Ceci étant exposé, selon l'article L.614-12 du code de la propriété intellectuelle, « La nullité du brevet européen est prononcée en ce qui concerne la France par décision de justice pour l'un quelconque des motifs visés à l'article 138, paragraphe 1, de la Convention de Munich.

Si les motifs de nullité n'affectent le brevet qu'en partie, la nullité est prononcée sous la forme d'une limitation correspondante des revendications. (...) ».

Selon l'article 123 « Modifications » de la Convention de Munich du 5 octobre 1973 sur la délivrance de brevets européens, « (1) La demande de brevet européen ou le brevet européen peut être modifié dans les procédures devant l'Office européen des brevets conformément au règlement d'exécution. En tout état de cause, le demandeur peut, de sa propre initiative, modifier au moins une fois la demande.

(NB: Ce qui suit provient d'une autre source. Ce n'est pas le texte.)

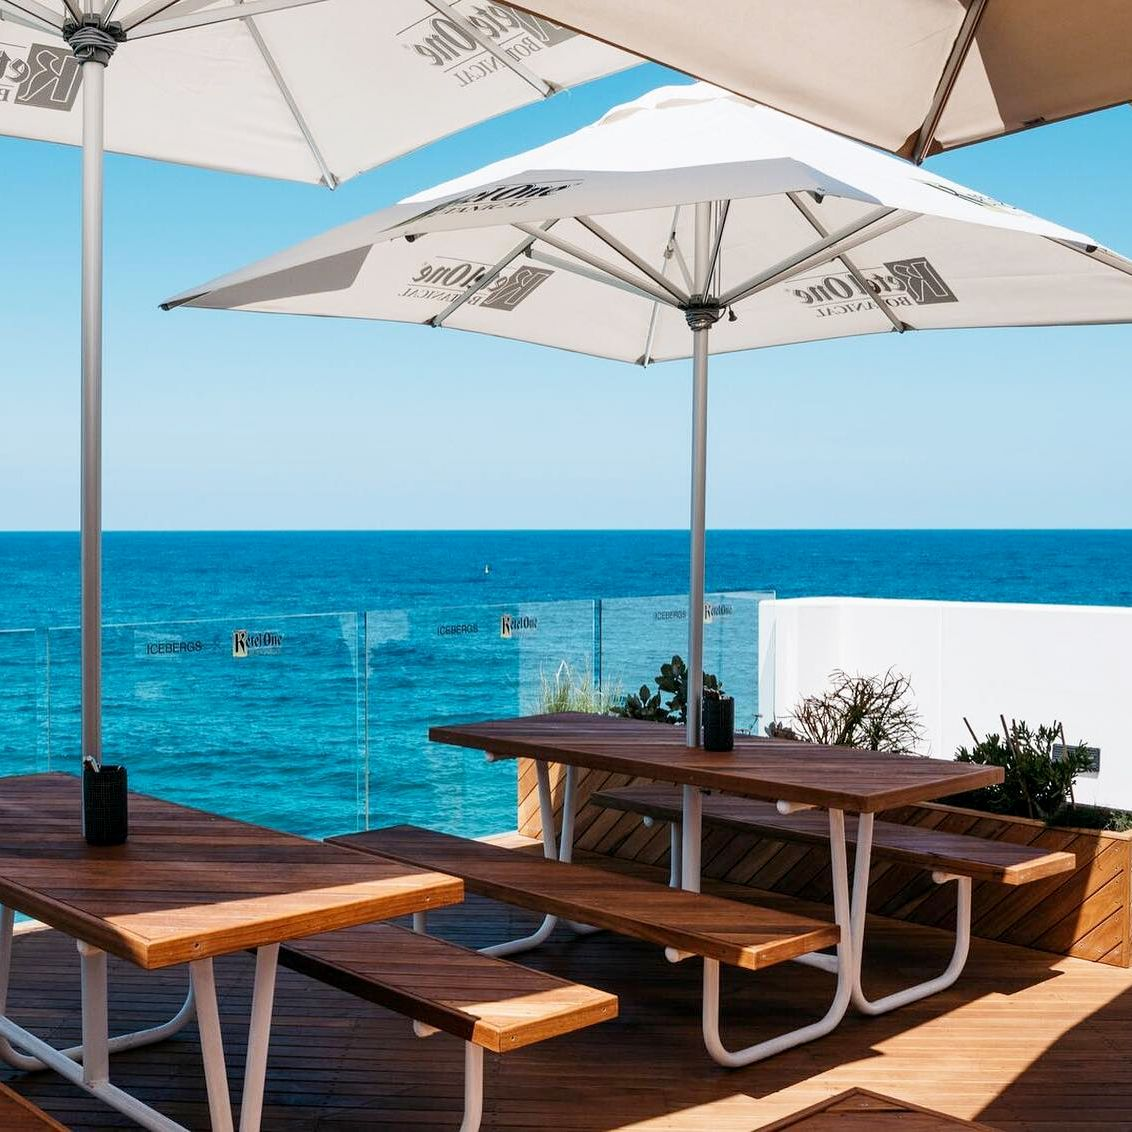 Shade Australia's List of Best Market Umbrellas of 2021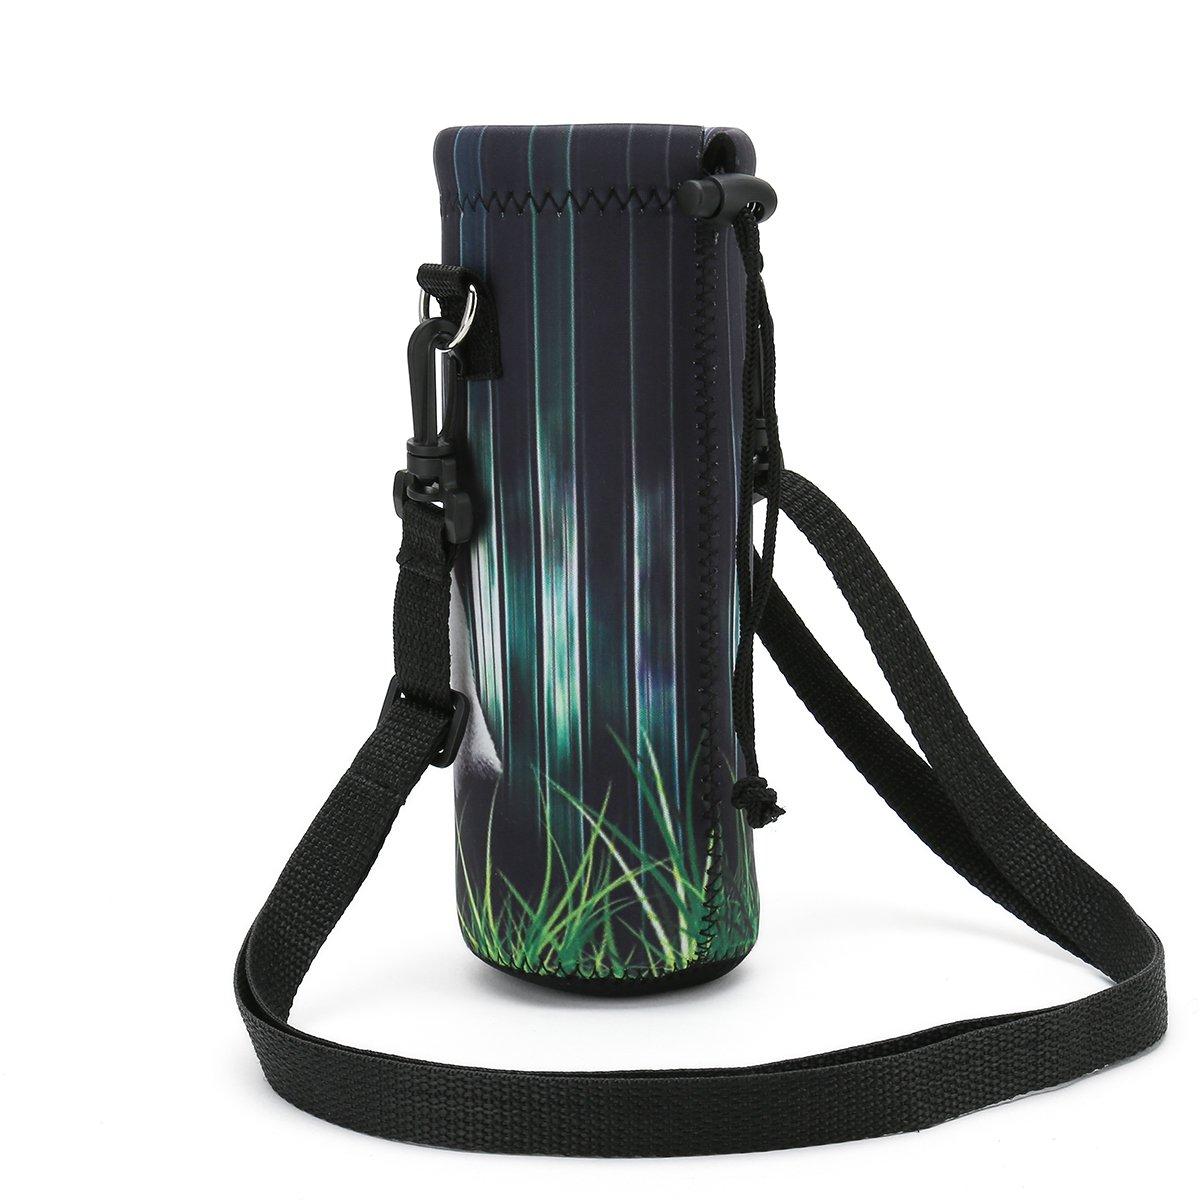 500 ml Neoprene Wine Tea Bottle Sleeve Holder Sling Insulated Outdoor Sports Camping Travel Cross-Body Shoulder Bag Case Pouch Cover ICOLOR Water Bottle Carrier 18 Oz

(2) La demande de brevet européen ou le brevet européen ne peut être modifié de manière que son objet s'étende au-delà du contenu de la demande telle qu'elle a été déposée.

(3) Le brevet européen ne peut être modifié de façon à étendre la protection qu'il confère ».

Selon l'article 138 "Nullité des brevets européens" de la même Convention, « (1) Sous réserve de l'article 139, le brevet européen ne peut être déclaré nul, avec effet pour un État contractant, que si : (...) c) l'objet du brevet européen s'étend au-delà du contenu de la demande telle qu'elle a été déposée ou, lorsque le brevet a été délivré sur la base d'une demande divisionnaire ou d'une nouvelle demande déposée en vertu de l'article 61, si l'objet du brevet s'étend au-delà du contenu de la demande antérieure telle qu'elle a été déposée ».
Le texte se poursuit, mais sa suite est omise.